# Will rbp's that are siblings breed together?



## BASSFISHERMAN (Feb 22, 2004)

I read on some other threads that it is absolutely necessary to get reds from different parents (ie from different stores)in order to obtain breeding pairs. Is this true? Will they never inbreed?


----------



## Joga Bonito (Oct 30, 2004)

bassfisherman said:


> I read on some other threads that it is absolutely necessary to get reds from different parents (ie from different stores)in order to obtain breeding pairs. Is this true?
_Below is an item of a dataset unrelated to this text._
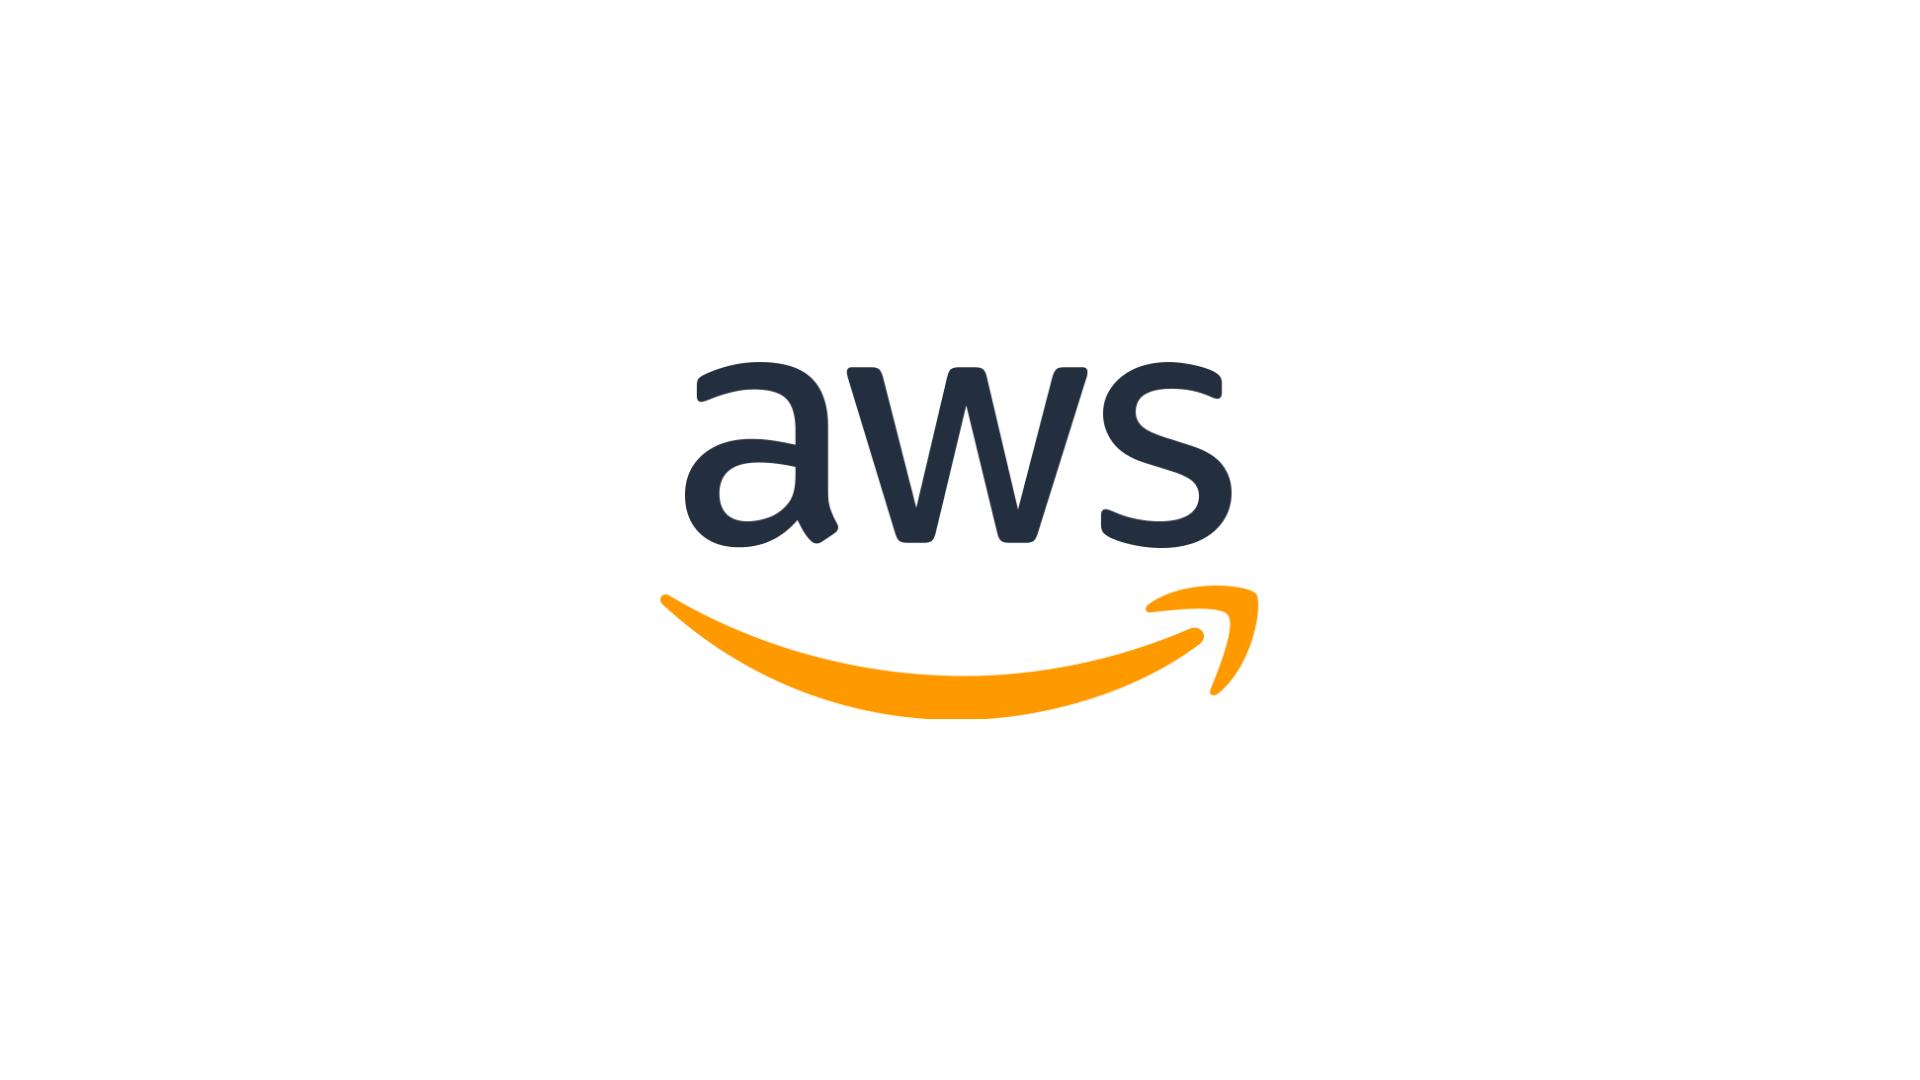 AWS運用の課題とサービス導入効果
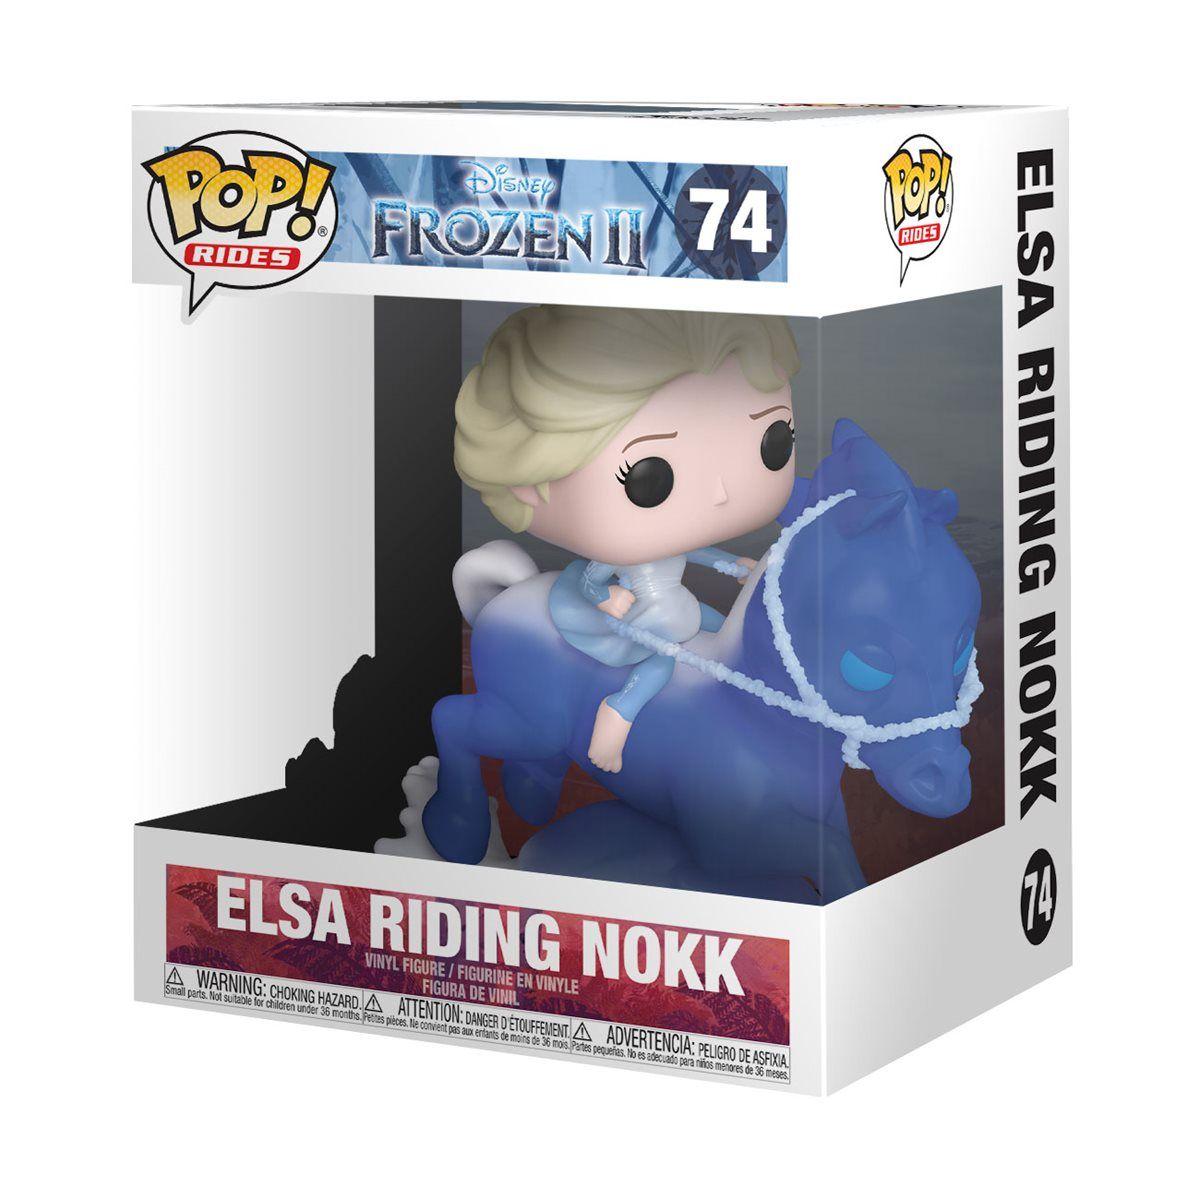 Frozen 2 Elsa Riding Nokk Pop Vinyl Ride Entertainment Earth In 2020 Funko Pop Disney Funko Pop Dolls Disney Pop

Will they never inbreed?
> [snapback]1185670[/snapback]​


its true


----------



## B. Rodgers (Jan 20, 2005)

They will not inbreed!


----------



## Piranha King (Nov 28, 2002)

umm i beg to differ. i believe they will inbreed.
wes


----------



## RB 32 (Mar 2, 2005)

they will inbreed.


----------



## BASSFISHERMAN (Feb 22, 2004)

does anyone have experience inbreeding them?


----------



## AKSkirmish (Jun 24, 2005)

talk to crosshair223 i think he might have.not for sure though.


----------



## Slim (Jan 9, 2005)

Reds will not interbreed with their own batch. If they are from one batch they will not breed.


----------



## mashunter18 (Jan 2, 2004)

I betcha they will interbreed


----------



## BASSFISHERMAN (Feb 22, 2004)

so what's the consensus here?


----------



## Slim (Jan 9, 2005)

mashunter18 said:


> I betcha they will interbreed
> [snapback]1185837[/snapback]​


 You wanna bet?


----------



## mashunter18 (Jan 2, 2004)

Slim said:


> mashunter18 said:
> 
> 
> > I betcha they will interbreed
> ...


Sure, ask nubsmoke, he grew his breeders from babies to adults, and they breed


----------



## B. Rodgers (Jan 20, 2005)

ewww "Retarded Natts" Will The Retards Breed Then?


----------



## mantis (May 16, 2003)

they've been overbred so much, being from the same batch doesn't matter.

_to the bat signal_


----------



## CROSSHAIR223 (Jan 17, 2005)

Yes, they will inbreed. The ones that I raised and bred were from the same fry hatching. I originally bought 50 from Pedro and raised them and out of them I got a couple pairs of breeders. I think the only time they won't inbreed is if their sisters are ugly :rasp: .


----------



## Slim (Jan 9, 2005)

Damn well I read somewhere that Piranha are smart and wont inbreed like us humans do.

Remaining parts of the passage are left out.